Photo: Métropole Films Le champion cycliste Lance Armstrong,  créateur d’un fonds du même nom, avait surfé sur l’image du patient invincible.

Les mots choisis et les vastes campagnes déployées pour sensibiliser le public au cancer ont contribué à forger au fil des ans un discours collectif sur cette maladie. Un discours que remettent en question aujourd’hui plusieurs des organismes qui sont aux premières loges de cette mission.

« Stopper le cancer avant qu’il n’apparaisse. » « Un jour, nous vaincrons le cancer. » « Soyez un champion pour le cancer. » D’où viennent ces injonctions à monter au front, scandées jusqu’à plus soif comme un credo militaire visant l’ennemi à abattre ?

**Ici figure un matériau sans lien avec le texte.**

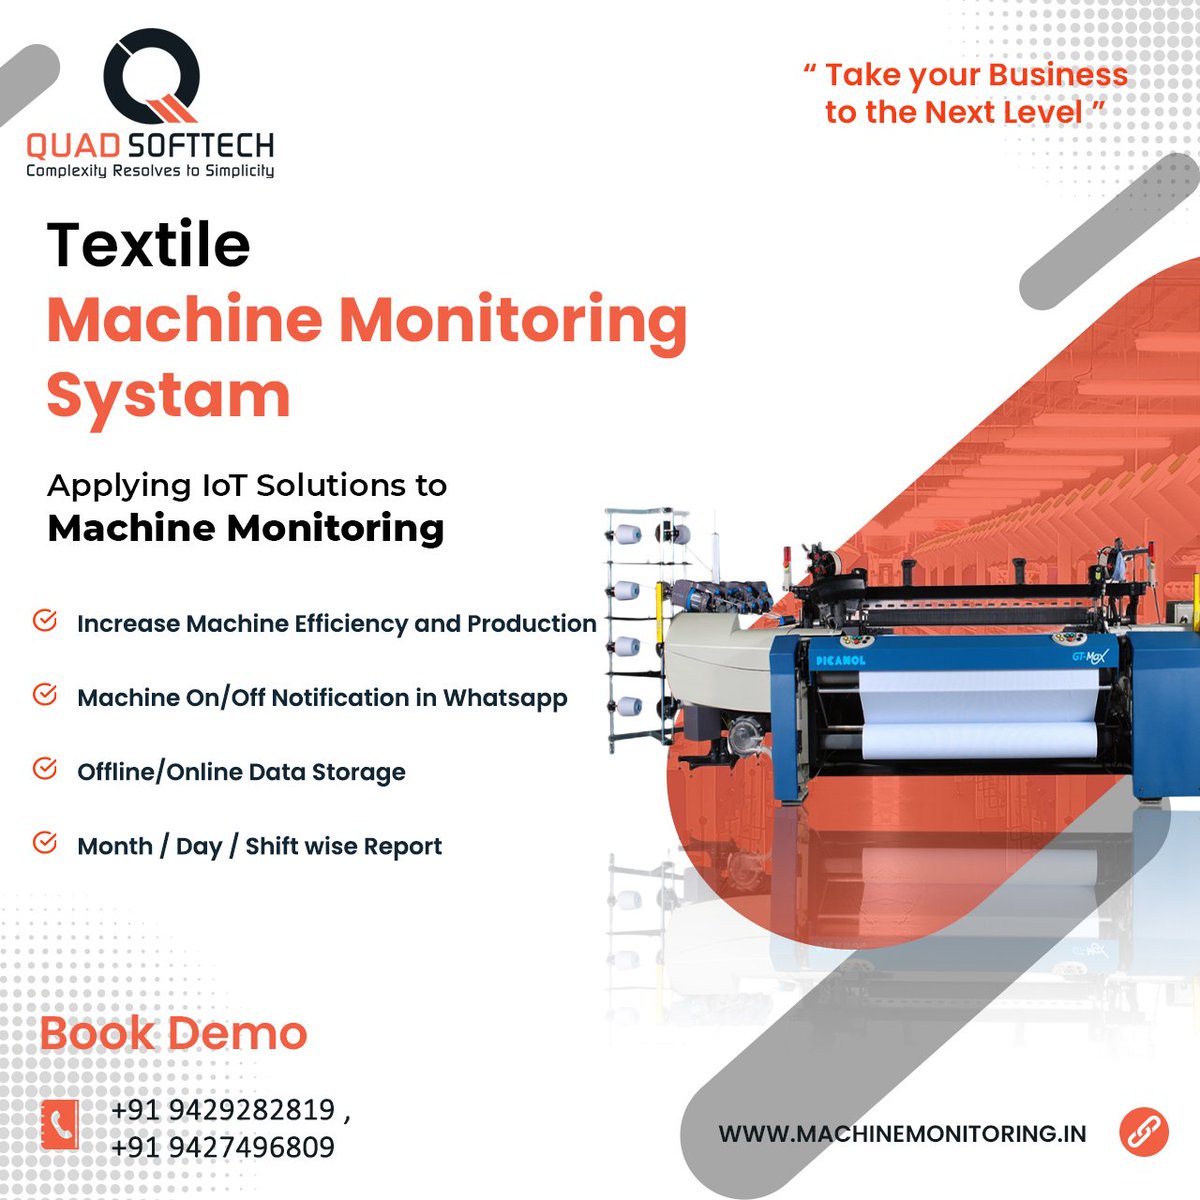 Machine monitoring system. It helps to increase your machine's efficiency and production using our Quad MMS.

#QuadSoftTech #MMS #MachineMonitoring #TextileMonitoring #IndustrialIoT #MachineMonitoringSystem #MMSMachineMonitoringSystem #MachineMonitoringSystemsLTD #India

Il faut remonter aux années 1970 pour retracer l’émergence du discours « belliqueux » sur le cancer, propulsé par la signature du National Act on Cancer par le président américain Richard Nixon. Cette loi posait les premières bases d’un effort national concerté pour améliorer l’efficacité et le financement des traitements spécialisés contre le cancer. Une initiative spectaculaire, rapidement surnommée la « Guerre contre le cancer » (War on cancer).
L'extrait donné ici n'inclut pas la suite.